Moon Lake of Enlightenment
For the last eleven years, the most important person in my life has been invisible to me, except once. When she appeared. Much later I named her Moon Lake of Enlightenment.
I began seeking her, unknowing, following the bread crumbs of coincidence through Rome, Istanbul, and into Cambodia.
And then after I did find her, was she too much to bear? She is many people: the guru's doppelgänger, yidam, anima, lover, commander, apparition. The most beautiful woman I have ever met.
I found her in Phnom Penh, with its near lawless streets, prostitution and atmosphere of impunity. Ghost city. Execution ground. City of Rivers.
Someone or something insisted I find her. I left my job, my home, eventually most of my possessions. Reduced to a suitcase I still remained smitten.

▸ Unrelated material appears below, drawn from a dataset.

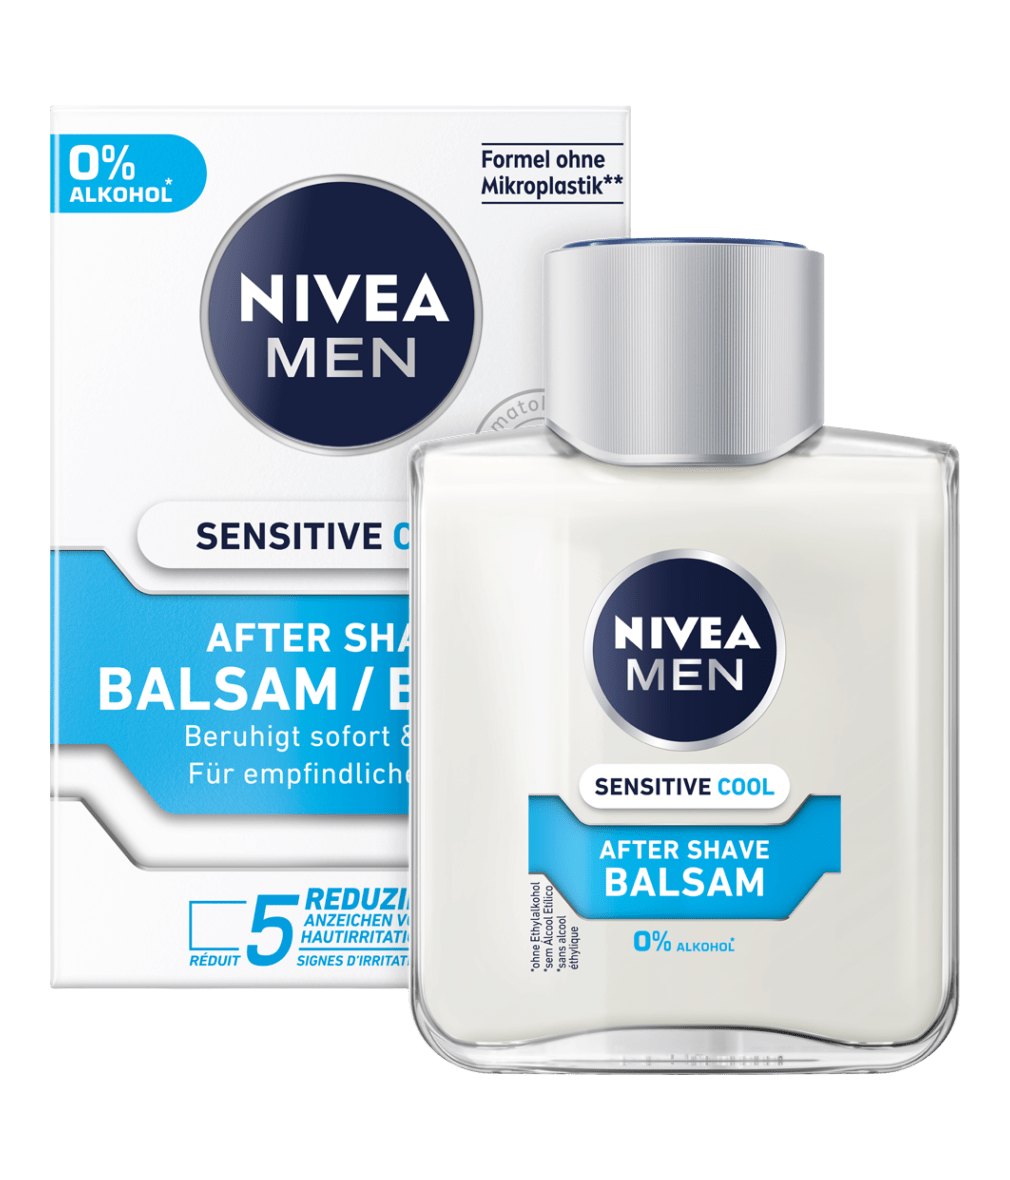 Bain de vapeur: Une peau nette étape par étape– NIVEA - NIVEA Suisse

Seeking her, I drank too much wine.
In a cheap hotel room she appeared and made me promises. That she would be with me until enlightenment. I felt protected and safe. I let her come though my handwriting. I wanted to share her.
Each morning I never stopped praying to the guru and Moon Lake of Enlightenment. I lost all my furniture and accoutrements. Wandered back to Istanbul. I was almost killed by a streetcar.
Along with the streetcar, a seizure left me comatose and a suffering in my lonely stomach caused heat and cold to inverse and I nearly froze to death.
She appeared slowly as I wandered from Bangkok to Sihanoukville and then to Phnom Penh. Each day in meditation she dropped a new clue. Sometimes she told me to get a good meal. And then she began to emerge.
From her intangible birth canal she showed my her parasol, her cat eyes, her braided black hair. The next day she appeared - ineffable, luminous, eternally loving, without an atom of distress, looking at me very close and indescribably present.
Later on, satisfied that she was with me I did get a meal. Hired a motorbike taxi, took a long walk after drinking sugar cane juice, got caught in the rain. Took shelter under the tarp of a Cambodian grandmother, another form of Moon Lake of Enlightenment.
She is a vision, a samaya holder, a seven day-long movie I had the privilege to behold. Poetry taught me love the marginal. Thanks to poetry I found her.